Впервые она назвала его по имени, и так ласково прозвучало в ее устах его имя, что Грудский в темноте повернулся к ней. Как-то всей душой отозвался на ласку.
- Да, не слова, хотя и они важны, - говорила Дина. - Главное понять и самому прочувствовать, тогда ты сможешь убедить других. Если бы не случай со спрятанным зерном, не то, что я сама его нашла и возмутилась, я не смогла бы сегодня так говорить с ребятами. Понимаешь, во мне самой произошло... это... главное...
- Да, пропагандист должен быть убежденным!
- И не только пропагандист, каждый комсомолец!
- Но, Дина, как же не быть убежденным, если наше дело самое справедливое в мире, если наши идеи - самые передовые?
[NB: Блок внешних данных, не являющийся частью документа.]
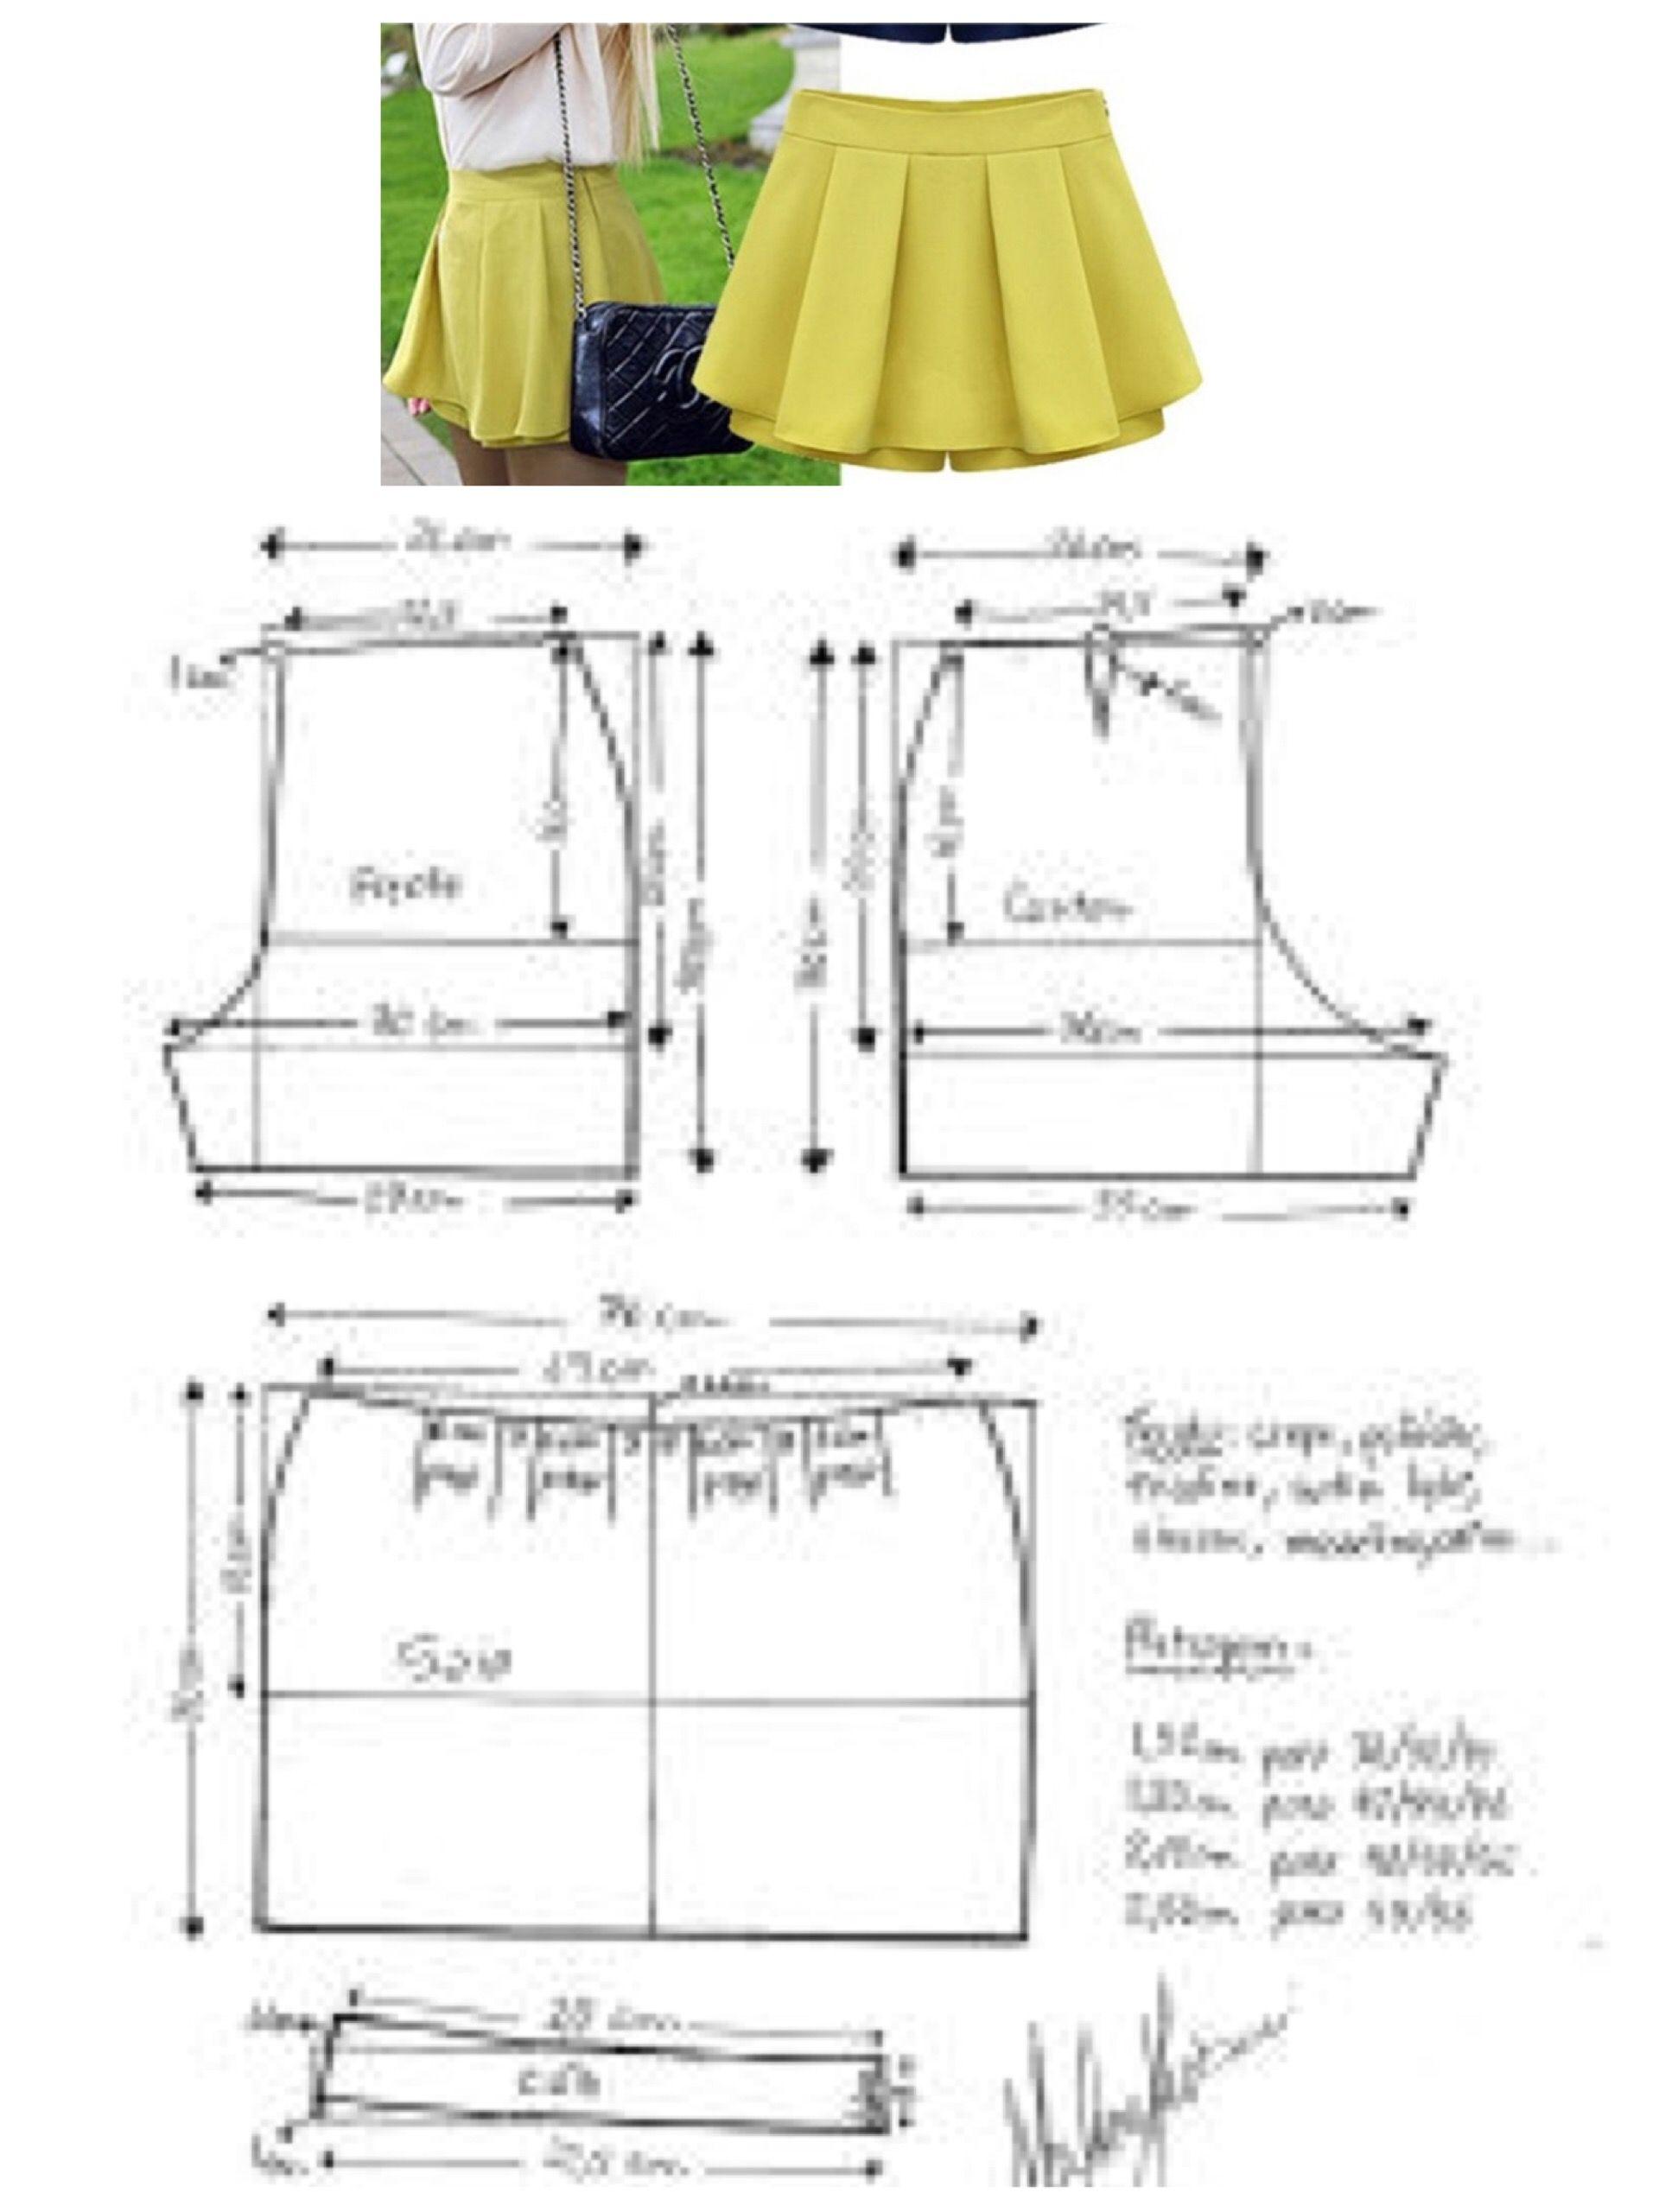 Pin de karelia briceño en diy costuras | Couture, Patron couture y ...

Знаешь, я часто перечитываю "Коммунистический манифест" Карла Маркса! С каким вдохновением он написан! Ты читала?
- Нет, - призналась Дина, - я только знаю первую фразу: "Призрак бродит по Европе - призрак коммунизма".
- Прочти обязательно весь "Манифест", и ты поймешь, что мы с тобой самые счастливые люди на земле! Мы строим коммунизм. Ты понимаешь это? - Он остановился, и Дина тоже остановилась.
Дина не различала лица Грудского, но его волнение передалось ей. В этот момент она тоже почувствовала себя счастливой и гордой.
Над их головами шумел лес. Скрипела старая сосна с изъеденным стволом, шуршала жесткая листва могучих дубов, качались березки, даже бузина встревожилась. Что-то назревало вокруг, какие-то перемены предвещал внезапный ветер.
Но влажное его дыхание не коснулось наших путников, и они продолжали идти рядом по лесной тропе. Им нужно было очень многое сказать друг другу. Так много, как бывает, когда встречаются близкие люди после долгой разлуки.
В лицо им ударил свежий ветер, он ворвался в прогал леса, закружил опавший лист, немного пробежал и запутался в густой темноте. Повеяло влагой... Тропинка кончилась, и они вышли на дорогу. Здесь было светлей, чем в лесу.
- Ты никогда не замечала, что здесь небо очень темное? - спросил Грудский Дину. - Гляди, ни луны, ни звездочки.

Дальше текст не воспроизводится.